Grundsätzlich unterscheidet sich die Diät bei Schwangerschaftsdiabetes nicht von den allgemeinen Empfehlungen zu einer gesunden Ernährung. Eine ausgewogene, ballaststoffreiche Ernährung mit viel Gemüse, Kohlenhydraten in Form von Vollkornprodukten und hochwertigen Proteinen und Fetten ist wichtig. Vielen betroffenen Schwangeren hilft es auch, statt drei großen Mahlzeiten fünf bis sechs kleinere Mahlzeiten zu essen. Allerdings muss jede Frau für sich selbst herausfinden, was für ihren Körper und ihren Lebensalltag passend ist.
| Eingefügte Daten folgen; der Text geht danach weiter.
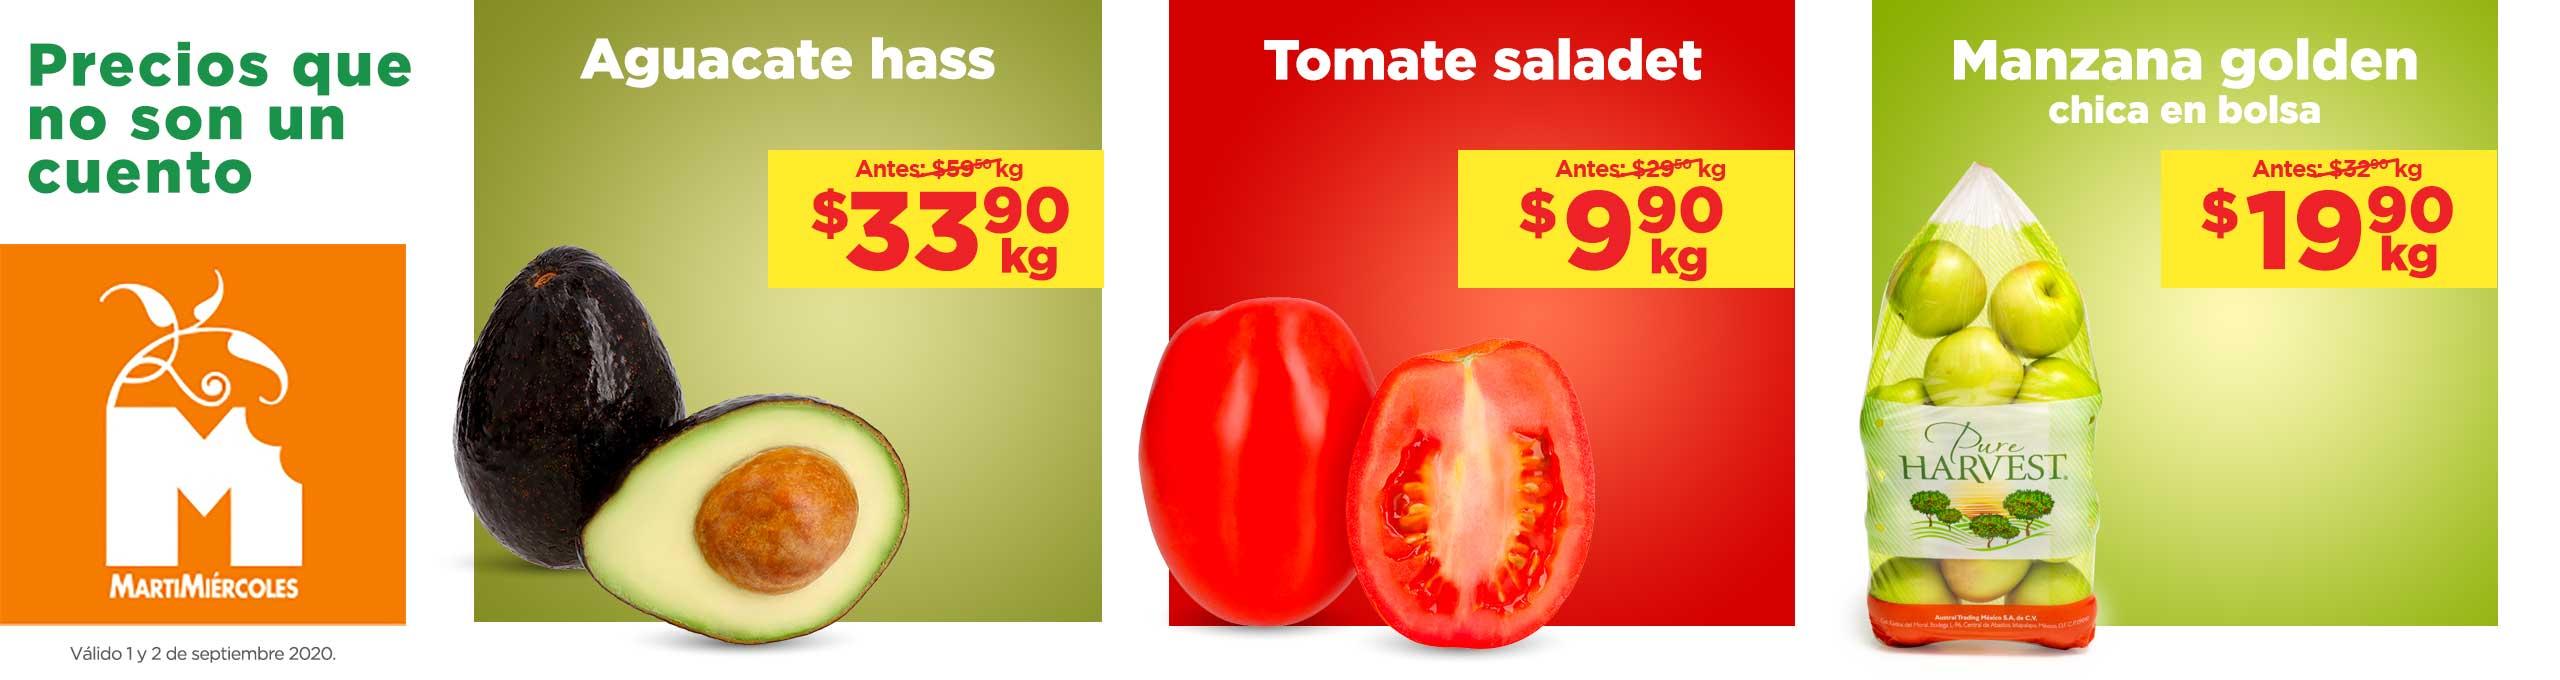 Frutas y Verduras Chedraui 1 y 2 de septiembre 2020

Daher ist eine individuelle Begleitung und Diätberatung während des Schwangerschaftsdiabetes so wichtig.

Maßnahmen wie die richtige Ernährung und Bewegung sind zumeist ausreichend, um die Blutzuckerwerte wieder ins Lot zu bringen. „Und wenn eine erweiterte Therapie mit Insulin erforderlich ist, so kann das leicht erlernt werden“, so Dr. Schütz-Fuhrmann. Zudem sind engmaschigere Kontrollen notwendig, um zu sehen, ob die Therapie anschlägt oder angepasst werden muss. Denn mit voranschreitender Schwangerschaft ändern sich auch wieder die Hormone im Körper.

Die Nachsorge bei Schwangerschaftsdiabetes ist wichtig

Auch wenn sich der Stoffwechsel bei den meisten Frauen spätestens im Wochenbett wieder normalisiert, sollten sie in Zukunft besonders auf ihre Gesundheit achten. „Denn sie haben ein erhöhtes Risiko, im Verlauf ihres Lebens an Diabetes mellitus Typ 2 und auch an Herz-Kreislauf-Erkrankungen zu erkranken“, so Dr. Schütz-Fuhrmann.
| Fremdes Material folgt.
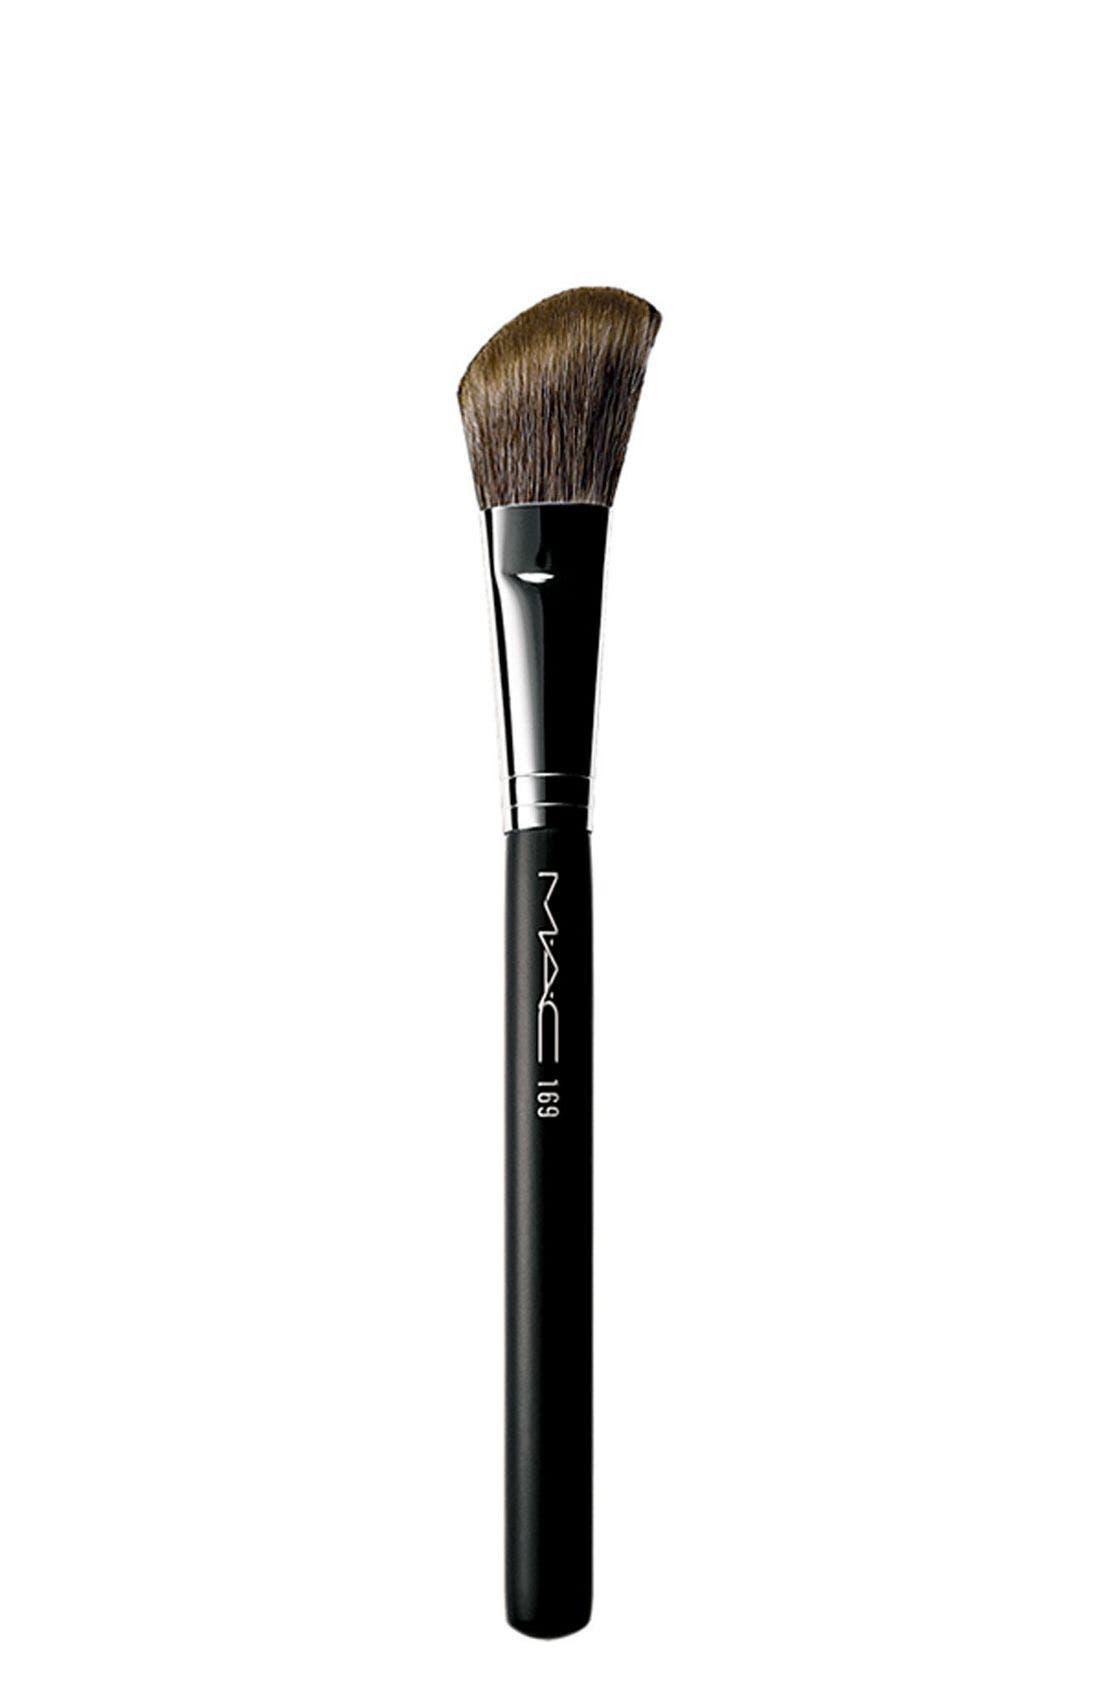 M·A·C 169 Angled Blush Brush,                             Main thumbnail 1, color,                             000

Etwa sechs bis zwölf Wochen nach der Geburt sollte erstmals wieder ein oraler Glukosetoleranztest durchgeführt werden, danach im Zwei-Jahres-Rhythmus. Bei einer weiteren Schwangerschaft sollte der Zuckerbelastungstest bereits früh durchgeführt werden – denn das Risiko ist hoch, erneut Schwangerschaftsdiabetes zu entwickeln.

Um die Risiken von Folgeerkrankungen zu minimieren, können Frauen also einiges tun. Dazu zählen auch ein gesunder Lebensstil mit ausreichend Bewegung sowie Abnehmen bei Übergewicht. Und ganz wichtig: Stillen schützt Mütter langfristig vor Typ-2-Diabetes. Wie eine Studie des deutschen Kompetenznetzes Diabetes mellitus ergeben hat, senkt Stillen das langfristige Diabetesrisiko um mehr als 40 Prozent. Besonders ausgeprägt ist der Effekt bei Müttern, die ihre Kinder länger als drei Monate gestillt haben.